No worries on the book, its good to be as clear as possible. I personally would safely say that your corn syrup is not the problem at all. Also, I haven't used beet sugar for confections, so I cant weigh in on that, I only use granulated cane. You can probably cut back on the corn syrup if you want, less corn syrup or glucose means your candy will crystallize faster, so if your casting pieces into a mold, it will lose that clarity sooner, and it will be maybe a bit more gritty depending on how long you store it for, just experiment. All in all, I would say boil to a higher temp, don't stir, drop in your color (bubbles stir for you), add your extract immediately after you turn off the flame (to evaporate as much water as possible) and look into candy oils, they wont contain water, you'll get a stronger flavor.


----------



## Patch (Dec 27, 2018)

Thank you very much for the detailed reply. Regarding the extracts, I've been making them myself, partly for the fun of it, partly so I know what's going into them, and partly so I can get less commonly available flavors. (I have a batch of blackberry in the works right now.) I had assumed the alcohol would boil out quickly but hadn't considered the significant water content in the vodka. If I want to continue making my own extracts would it be better to use pure grain alcohol rather than vodka? I can get mass quantities of decent vodka at a reasonable price. Not so sure about Everclear. 

As to the level of flame, on the first couple batches I noticed the temperature rose fairly steadily to about 280F and then shot up rather quickly. Once above 300F it seemed to be jumping up and down quite a lot. Probably one of the negative aspects of using a digital thermometer. I started turning the flame down at 280F so I could creep up on the final temp in a bit more controlled fashion. It would seem I need a bit more courage with the heat, keeping it high right to the very end. I'm glad to hear you take it to 315F. Everything I've read says to remove from heat at 300F, but the time I did that it was tacky so I changed to 310F. Perhaps I'll push on to 315F with the next batch. 

Thanks for the tip on adding the corn syrup after the sugar has started to boil. I've not seen that mentioned in any of the things I've read online about candy making. 

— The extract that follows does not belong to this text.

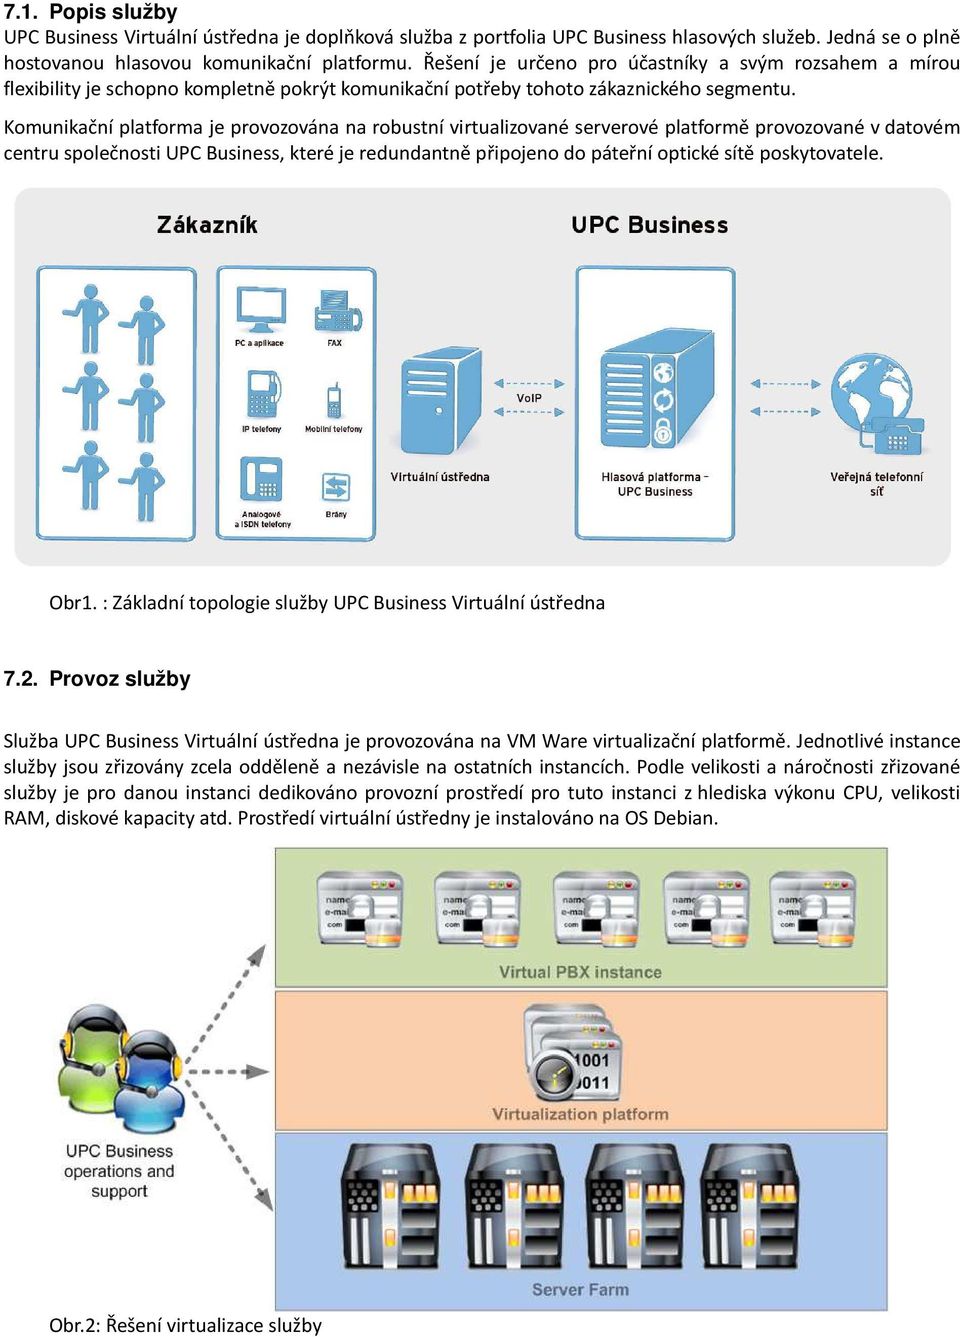 Komunikační platforma je provozována na robustní virtualizované serverové platformě provozované v datovém centru společnosti UPC Business, které je redundantně připojeno do páteřní optické sítě

Regarding the origin of the sugar, to me it just looks like sugar. Beet vs cane would have never occurred to me if I hadn't come across a mention of a strong preference for cane. I only know it's beet sugar because I went the extra step and looked up the manufacturer online and found they're a co-op of sugar beet farmers in Minnesota. The bags are just labeled as granulated sugar. Perhaps an expert could tell a difference. I certainly couldn't. 

So my plan for next time is to use med-high flame the whole way, add corn syrup after the boiling has started, take the temp to 315F, and add the extract as soon as I turn off the flame. Thanks again for taking the time on this. I learned a lot.


----------



## azenjoys (Jun 28, 2017)

When I make caramels flavored with liquor, liqueur, or housemade extract, I cook out the alcohol and evaporate most of the liquid ahead of time. To do this, I make a 173F water bath using my immersion circulator, float a thin/shallow stainless steel bowl in the bath, and then put my flavoring in the bowl. This gently cooks the alcohol off, and, depending how long you leave it going, evaporates off a lot of the water as well. I use this method instead of cooking the flavoring on the stove because it seems to more reliably preserve nuances in the flavoring, especially higher toned/fresher flavors.


----------



## Patch (Dec 27, 2018)

azenjoys said:


> This gently cooks the alcohol off, and, depending how long you leave it going, evaporates off a lot of the water as well. I use this method instead of cooking the flavoring on the stove because it seems to more reliably preserve nuances in the flavoring, especially higher toned/fresher flavors.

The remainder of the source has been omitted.